4D bioprinting of shape-morphing structures capable of self-transformation with intrinsic stimuli. (A) Biomimetic 4D printing of self-folding objects via anisotropic swelling: (a) 4D printing induce shear-induced alignment of cellulose microfibers; (b) anisotropic swelling in the longitudinal direction; (c) Blue staining of aligned printed fibers; (d) anisotropic swelling trigger folding of the printed pattern into the flower-shaped structure. (B) 4D biofabrication of Ca2+ responsive cell-laden hollow tubes: (a) printing of AA-MA or HA-MA in presence/absence of cells; (b) crosslinking of the printed films via irradiation with visible light; (c) spontaneous folding into tubular structures in aqueous solution; (d) reversible unfolding (middle image)/folding (right image) in using Ca2+ and EDTA, respectively; (e) live/dead assay of cells encapsulated into self-folded tubes after 1 (left image), 2 (middle image), and 7 (right image) days of culture. (C) Self-folding via osmolarity gradient: (a) printing of droplet network using lipid-coated aqueous droplets of different osmolarities to trigger bending via swelling/shrinking; (b) and (c) self-folding of the printed strip and slower-shaped bilayers driven by different osmolarities, respectively. A: [367], Copyright 2016. Reproduced with permission from Nature publishing group. B: [368], Copyright 2017. Reproduced with permission from John Wiley and Sons Inc. C: [369], Copyright 2013. Reproduced with permission from the American Association for the Advancement of Science.

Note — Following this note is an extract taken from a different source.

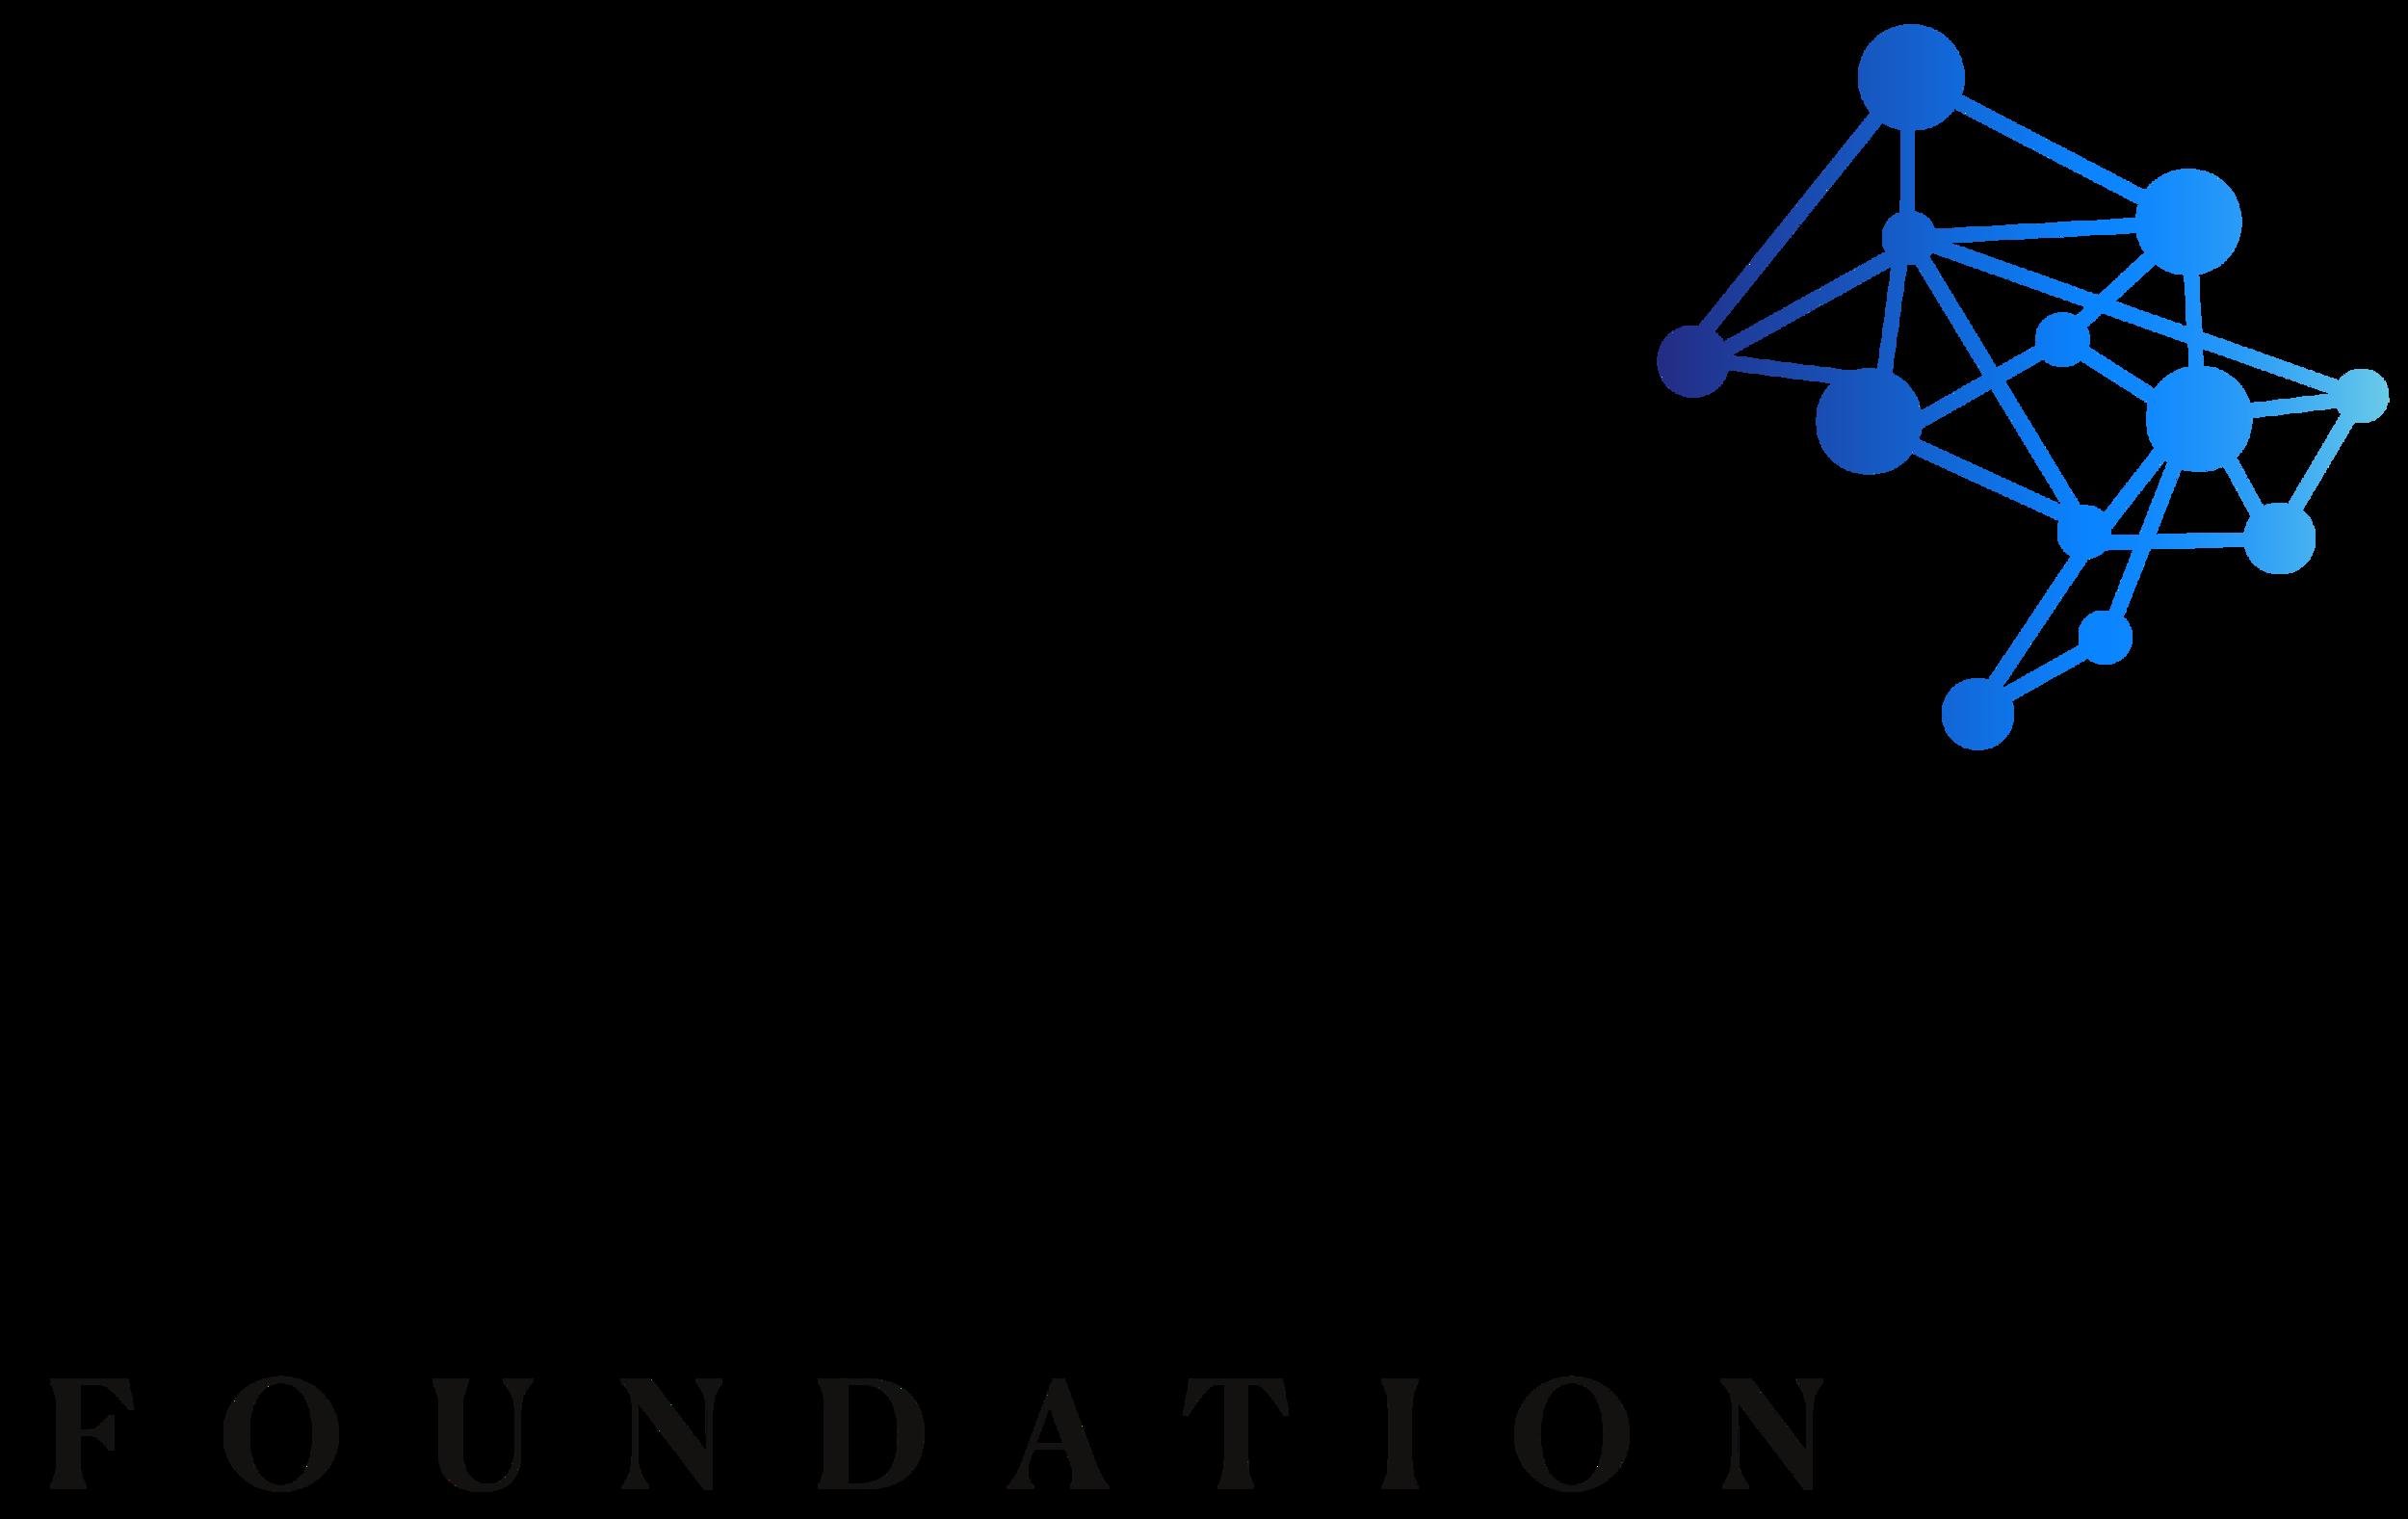 1907 Foundation

6. Conclusions and future perspectives

Hydrogel-based scaffolds with stimuli-responsive behavior have attracted significant interest in the development of dynamic 3D constructs, which allow spatiotemporal modulation of physical and biological cues, as well as real-time monitoring of cell behavior. This review highlights the intriguing role of stimuli-responsive hydrogels in on-demand manipulation of cell-directing cues reversibly and irreversibly. It also emphasizes the integration of stimuli-responsive biomaterials with advanced biofabrication technologies (such as microfluidics, lithography, 3D bioprinting, and patterning-based techniques etc.), which provides opportunities to develop sophisticated 3D constructs with organizational features similar to native tissues over multiple length scales and capable of undergoing programmable shape change in response to external stimuli. Studies using such 3D constructs can prompt understanding on complex cellular processes.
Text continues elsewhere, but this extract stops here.